* Work item
Return each entry word for word. Leave the images out.

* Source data
________________________

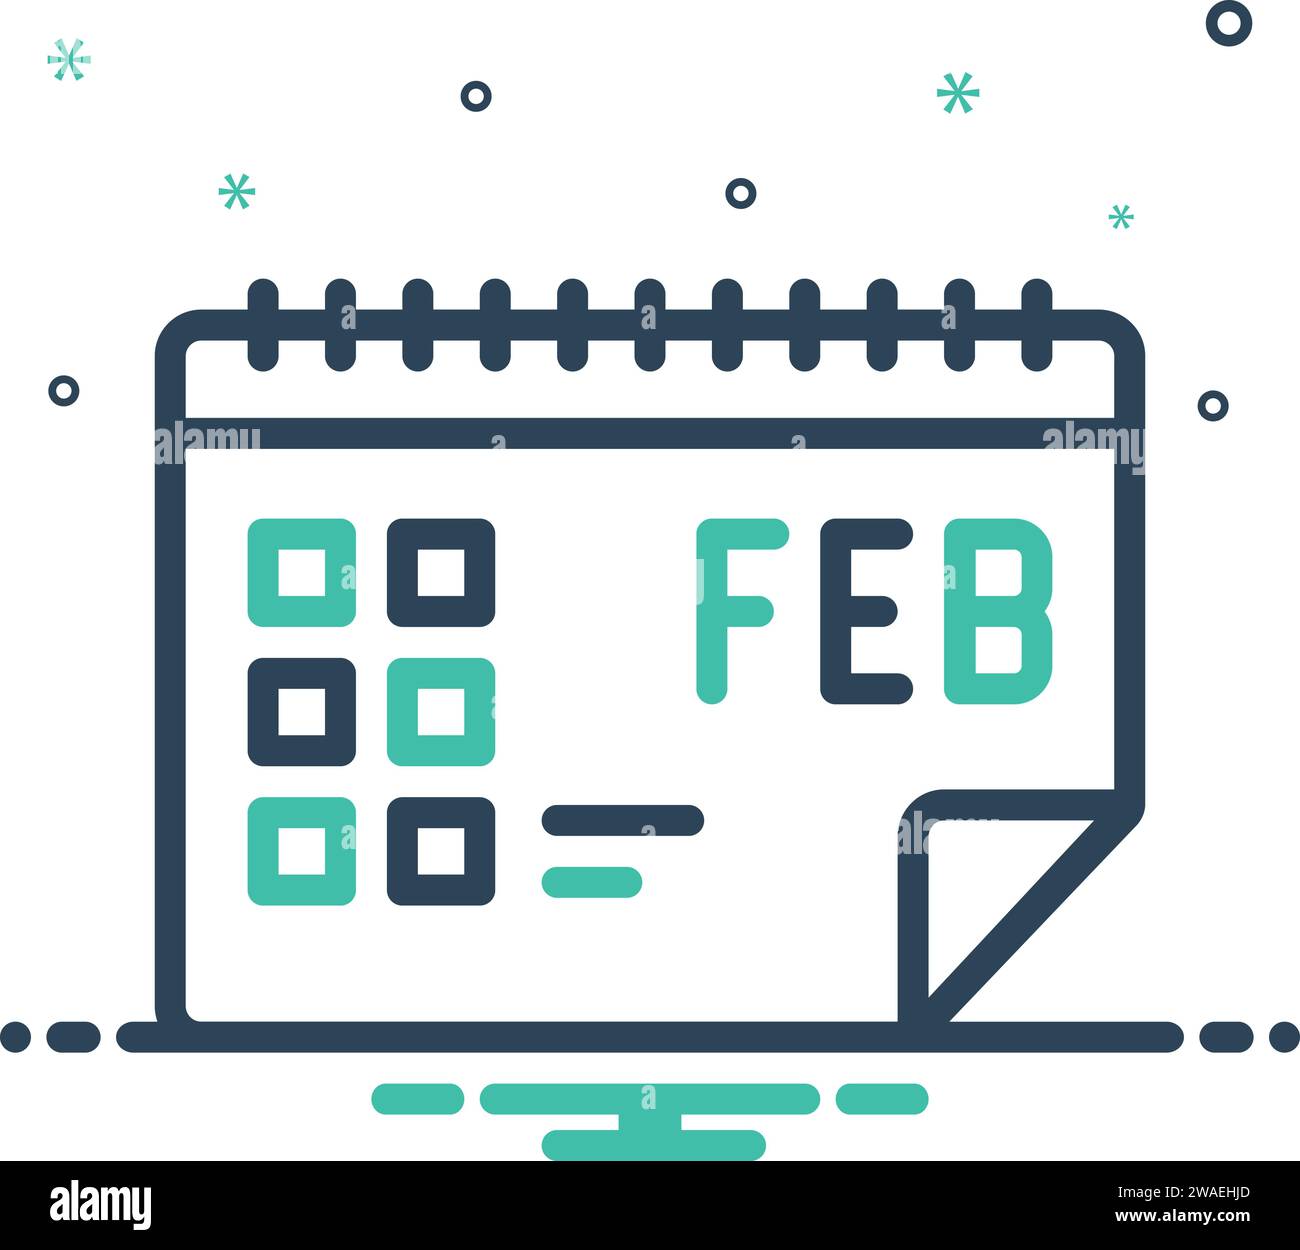 Feb month calendar Stock Vector Images - Alamy
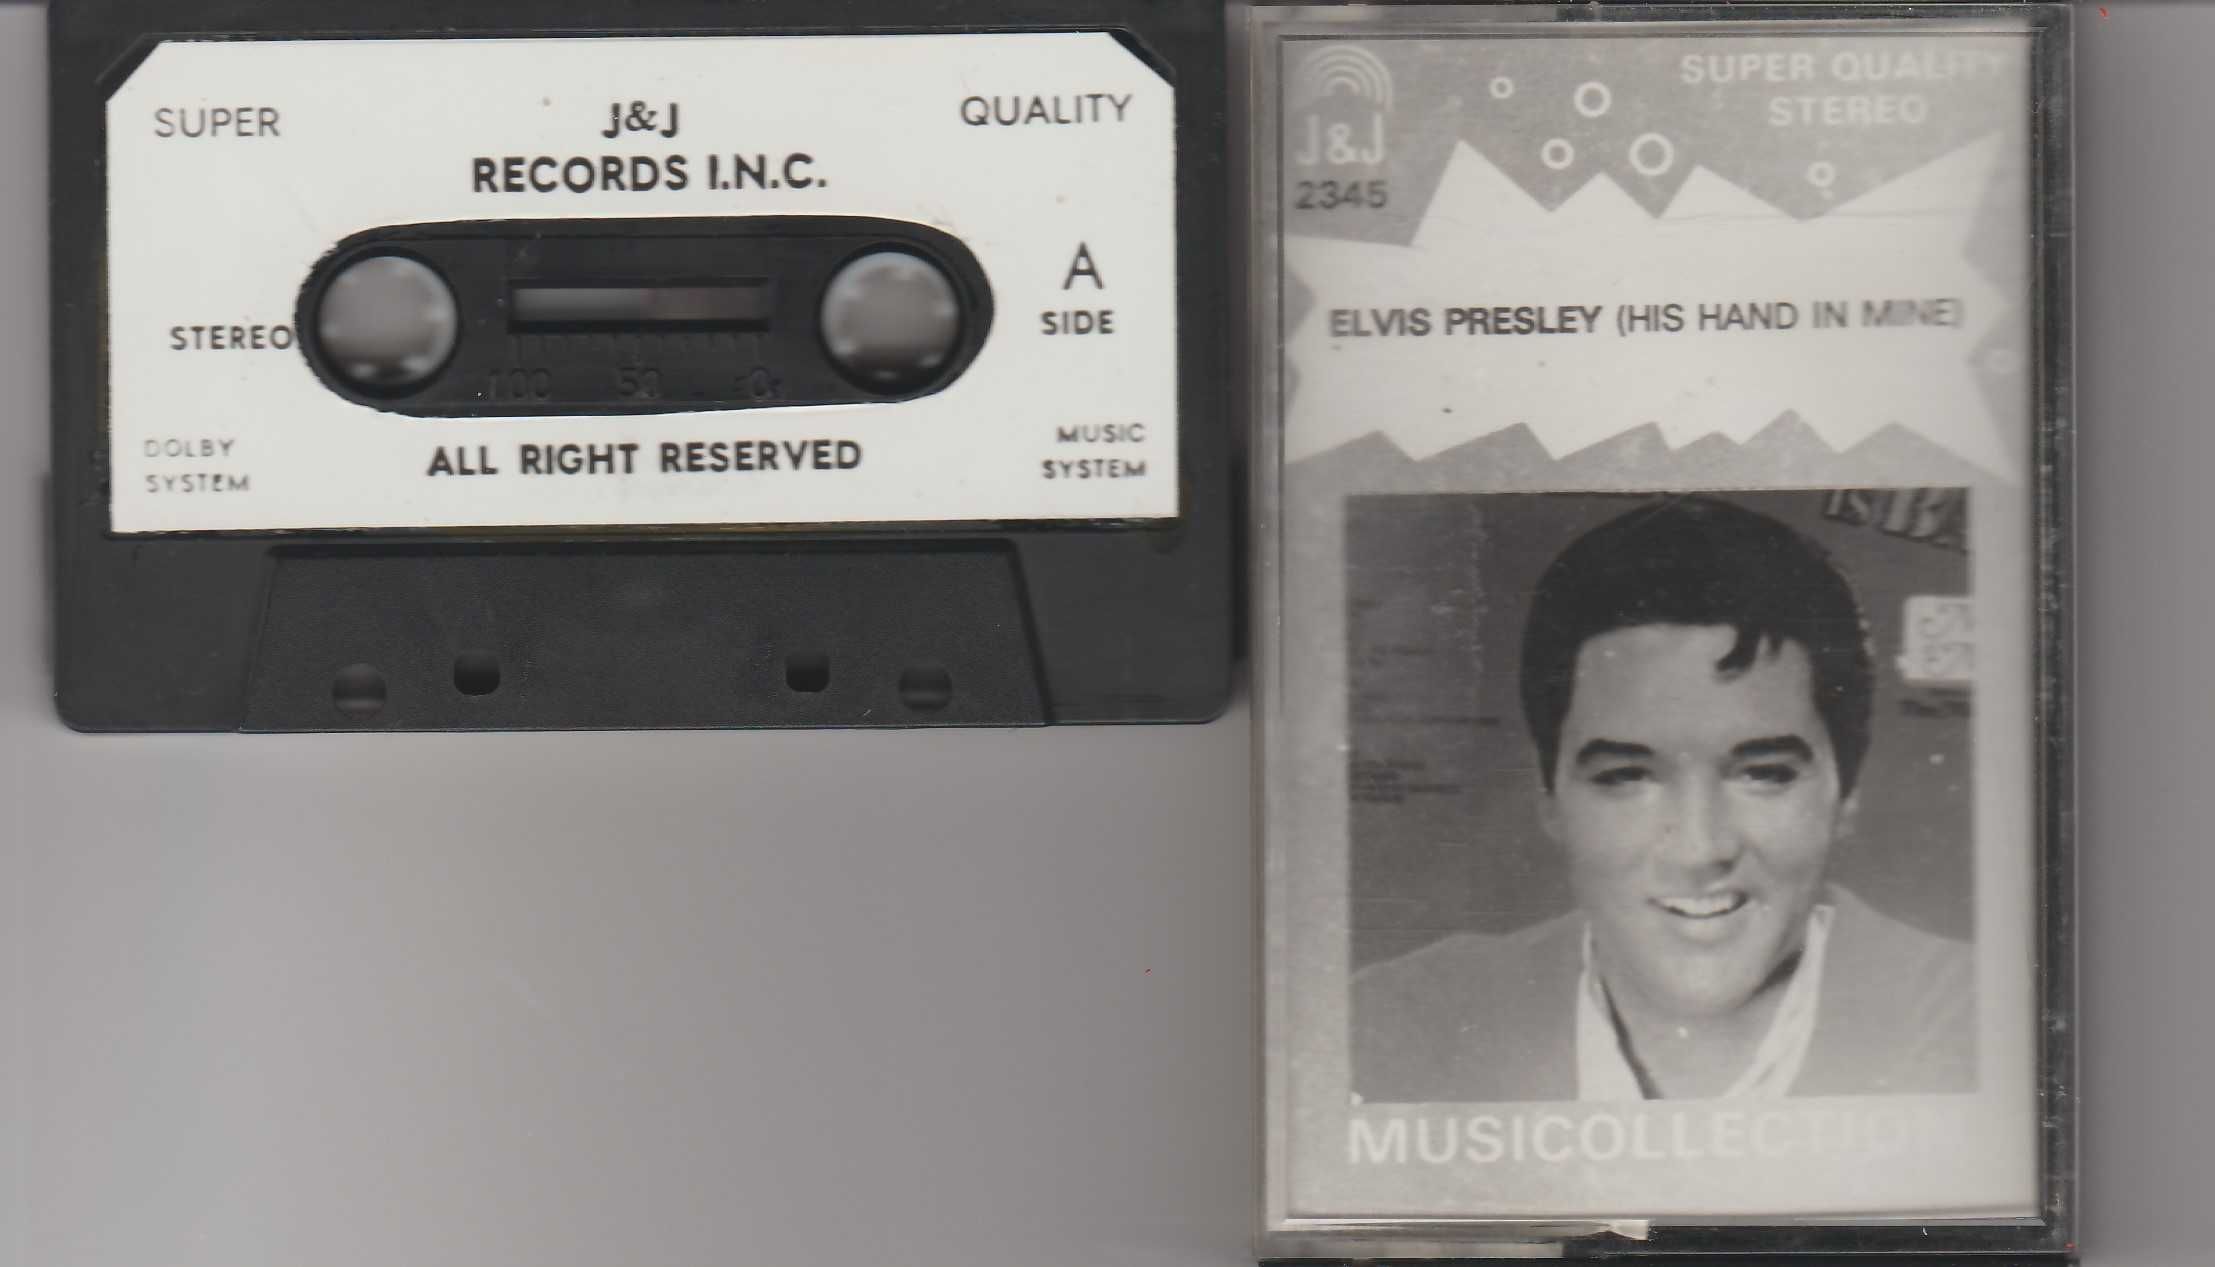 Elvis Presley  MUSICCOLLECTION - kastea magnetofonowa (201)
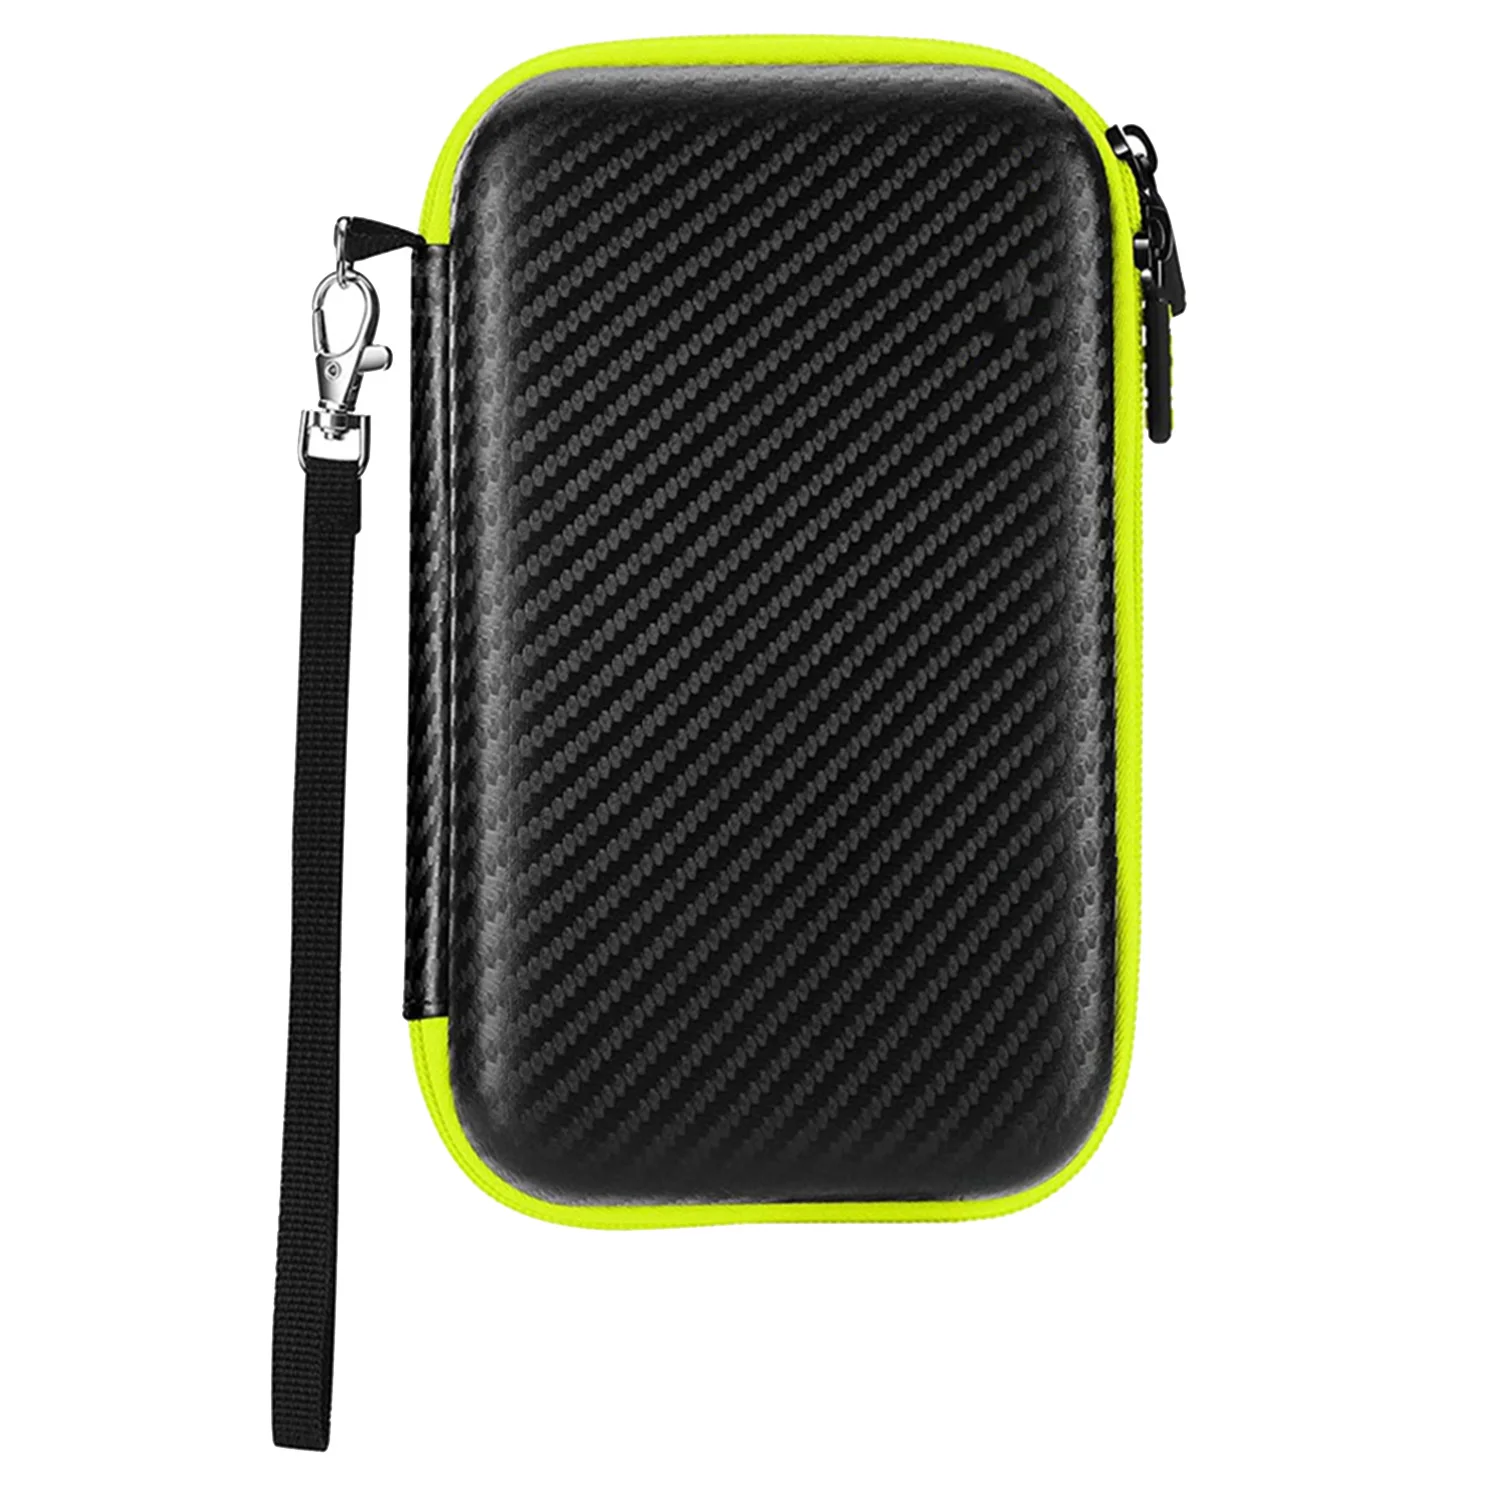 

Hard Case Organizer Shaver Travel Bag Storage Box Cover Zipper Pouch for Oneblade QP2520, QP2530, QP2620, QP2630
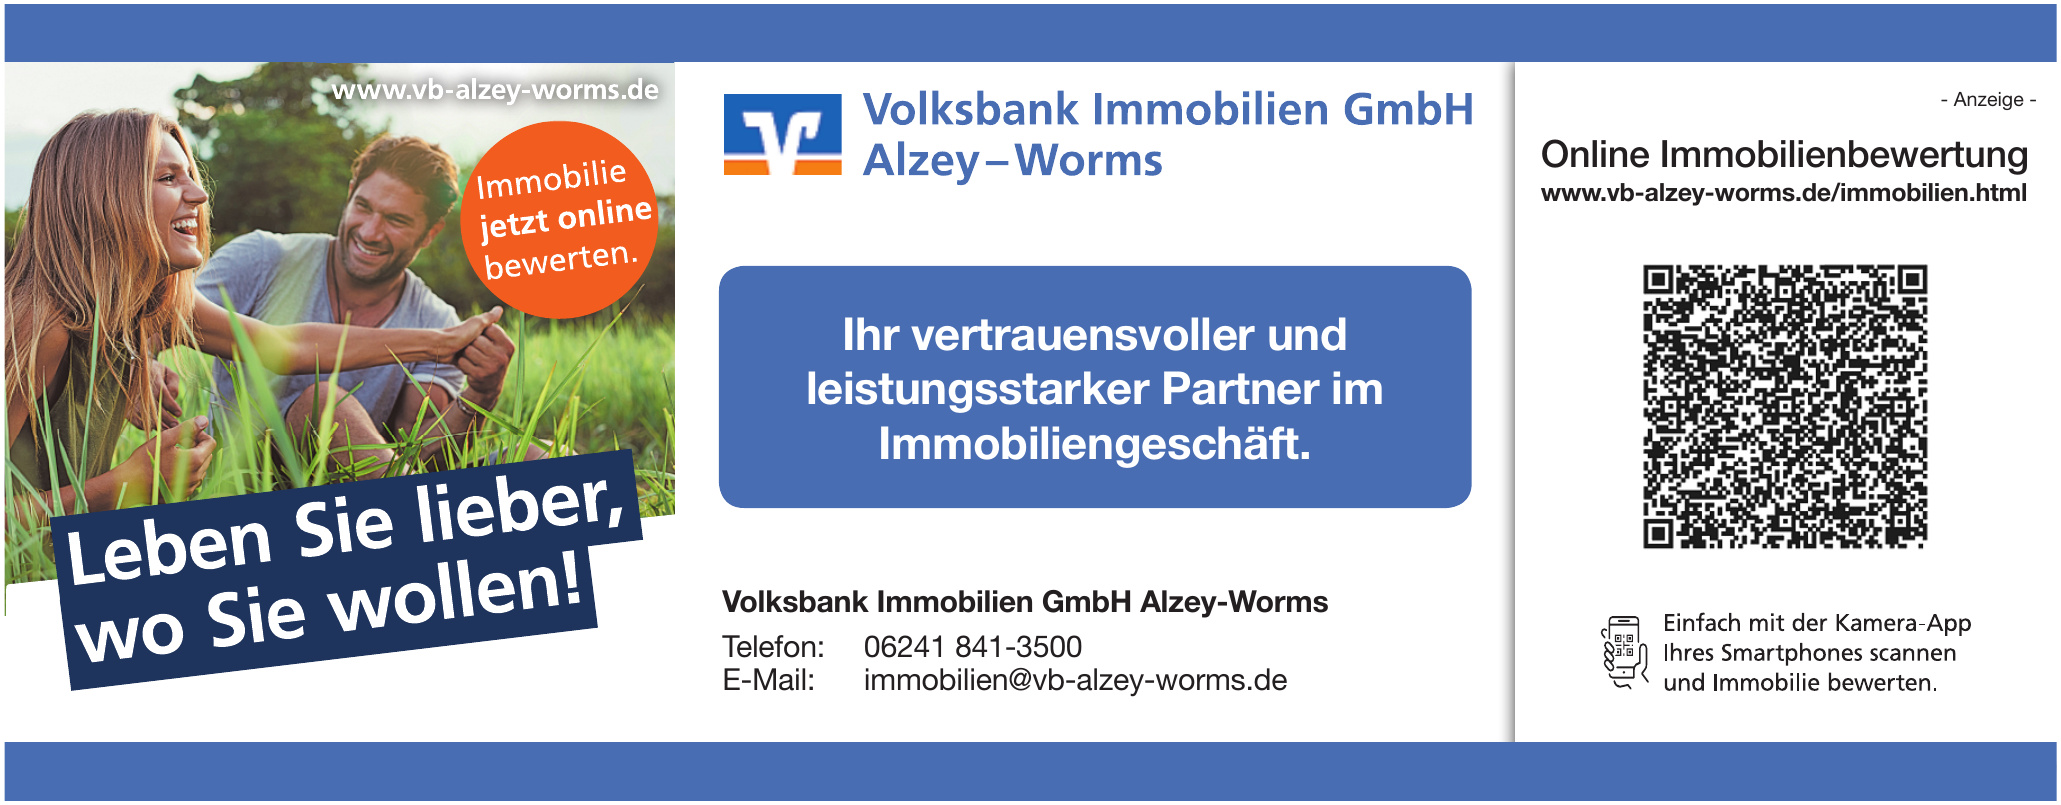 Volksbank Immobilien GmbH Alzey-Worms
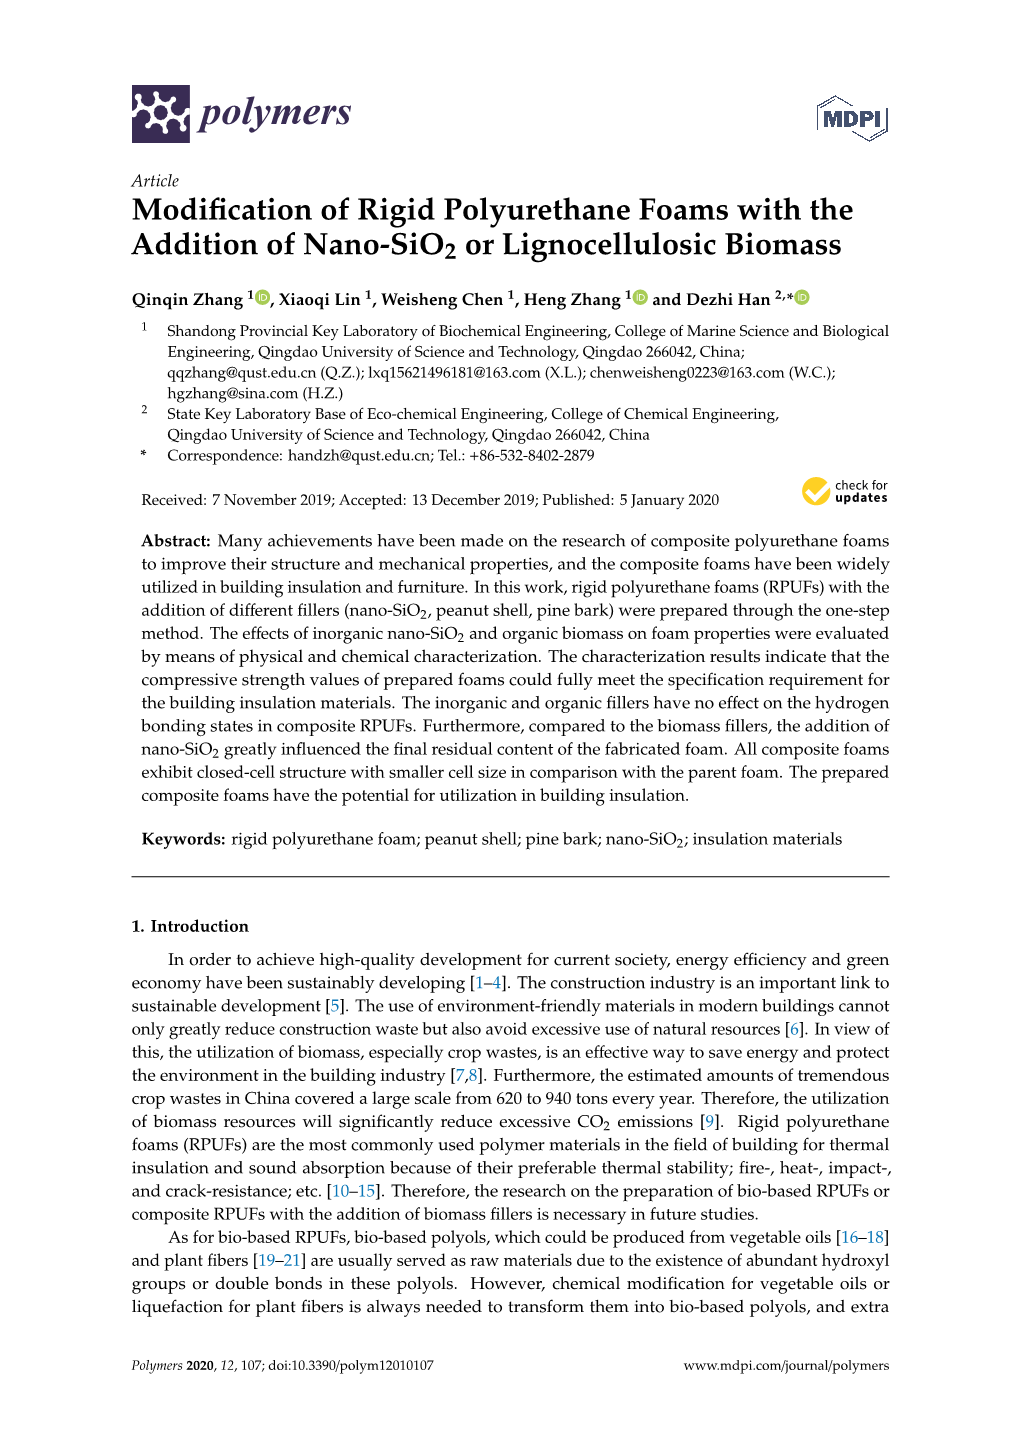 Modification of Rigid Polyurethane Foams with the Addition of Nano-Sio2 Or Lignocellulosic Biomass

________________________

* Answer for the task
 Feb month calendar Stock Vector Images - Alamy
 Elvis Presley  MUSICCOLLECTION - kastea magnetofonowa (201)

Hard Case Organizer Shaver Travel Bag Storage Box Cover Zipper Pouch for Oneblade QP2520, QP2530, QP2620, QP2630
 Volksbank Immobilien GmbH Alzey-Worms
 Modification of Rigid Polyurethane Foams with the Addition of Nano-Sio2 Or Lignocellulosic Biomass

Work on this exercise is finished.